Industrial Source also expects a 5-8% growth this year, according to Co-President Bob Laing. “If we get vaccinations soon enough, business should rebound quickly,” says Laing. A trend that has emerged that could impact that projection is the continued tightening of the CO2 supply in the Northwest. According to Laing, “We are constantly investing in our capabilities. We hope our investments will impact our business in a positive way. I’m sure we are like many that really can’t give an accurate forecast until the virus’s impact subsides. We hope and expect a V-shaped recovery.”

Oxarc, Inc. projects for a modest 1-2% growth, says Executive Vice President Michael Sutley. This is due, in part, to increased material and compliance cost, as well as the political environment changing the compliance landscape and making it more difficult to do business. Oxarc will continue to invest in assets to help grow the business and support growth when things get better. One industry that Oxarc is involved in that will help drive that growth is the cannabis industry. “The cannabis industry continues to expand and consolidate,” says Sutley. “This is going to be an area where we can grow.”

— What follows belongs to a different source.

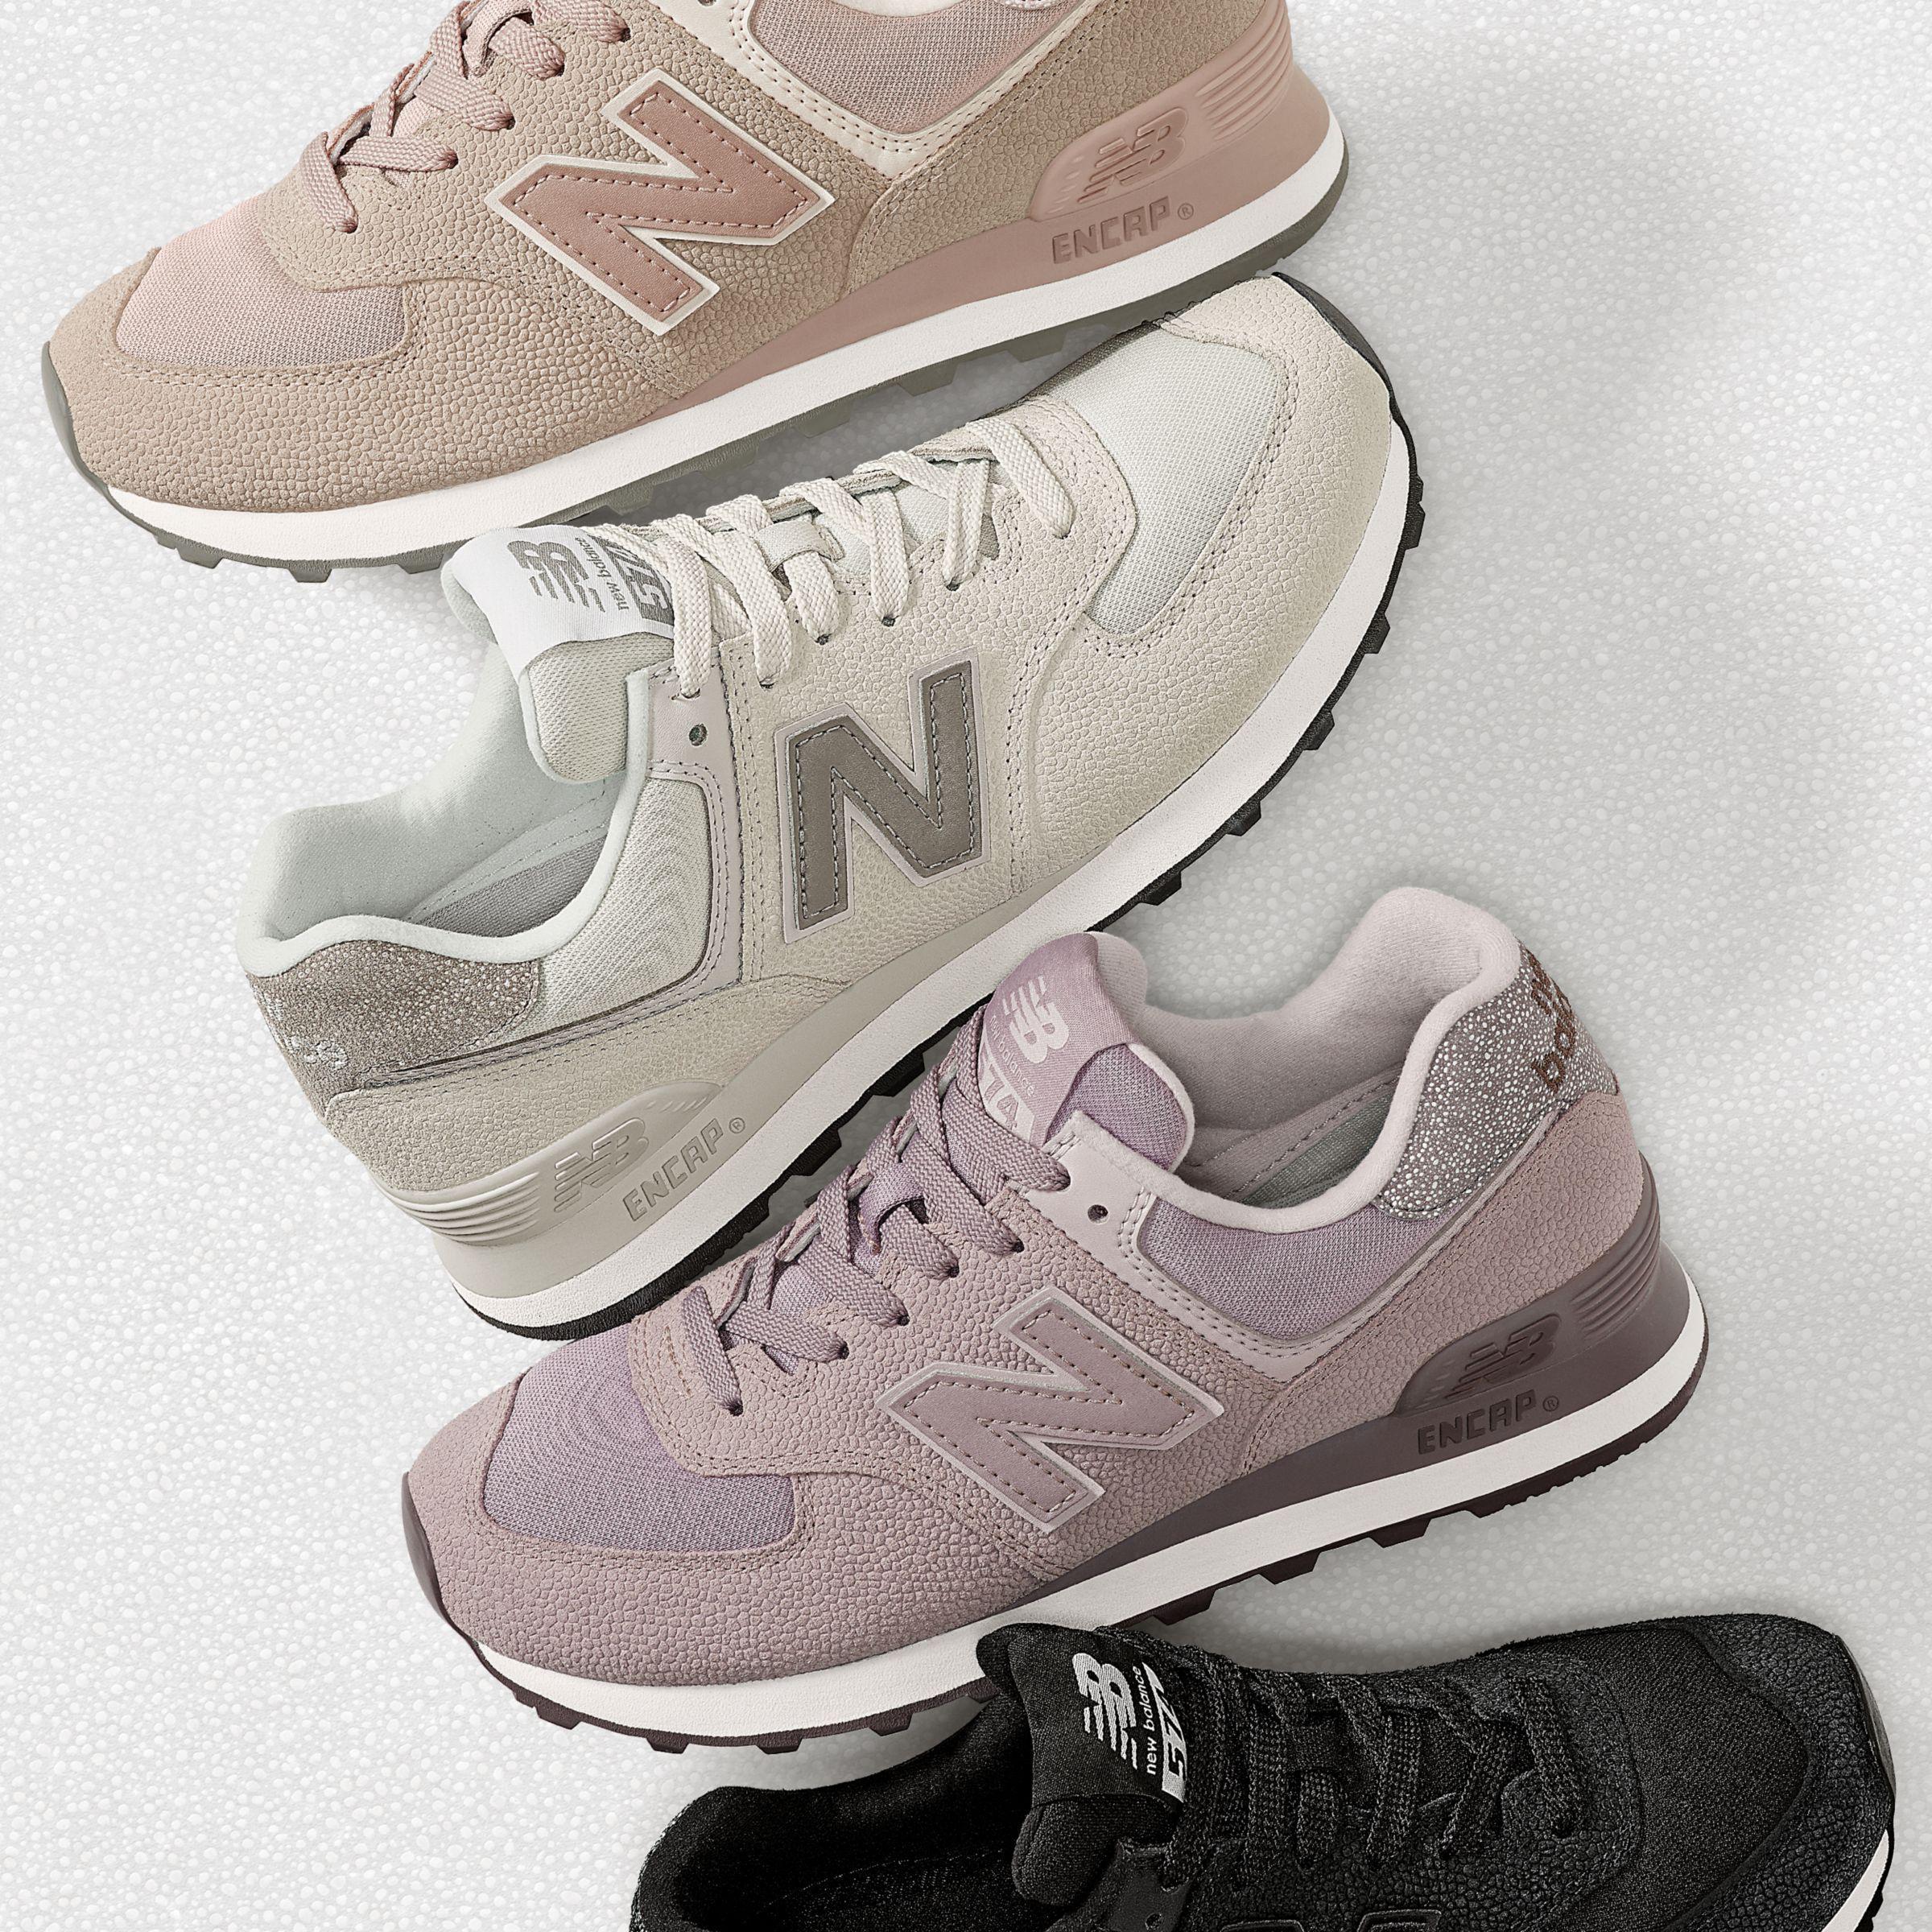 New Balance 574 Pebbled Street Women's

While Rainier Welding Supplies Owner Jeffrey Michaelson forecasts a 2-3% growth in 2021, he notes that, “The supply chain must get better,” before there can be a return to robust growth. For 2021, Michaelson projects a U-shaped recovery. He notes that the projected growth is contingent on construction financing.

Vern Lewis Welding Supply, Inc. will see a growth of 5-10% in 2021 due in large part to the “booming economy in Arizona.” The company’s projection is “unaffected” by the COVID-19 pandemic. Vern Lewis will complete its central distribution project this year, giving it a new location. As others have noted, cannabis will be a growth market for Vern Lewis, as it was recently legalized in the state.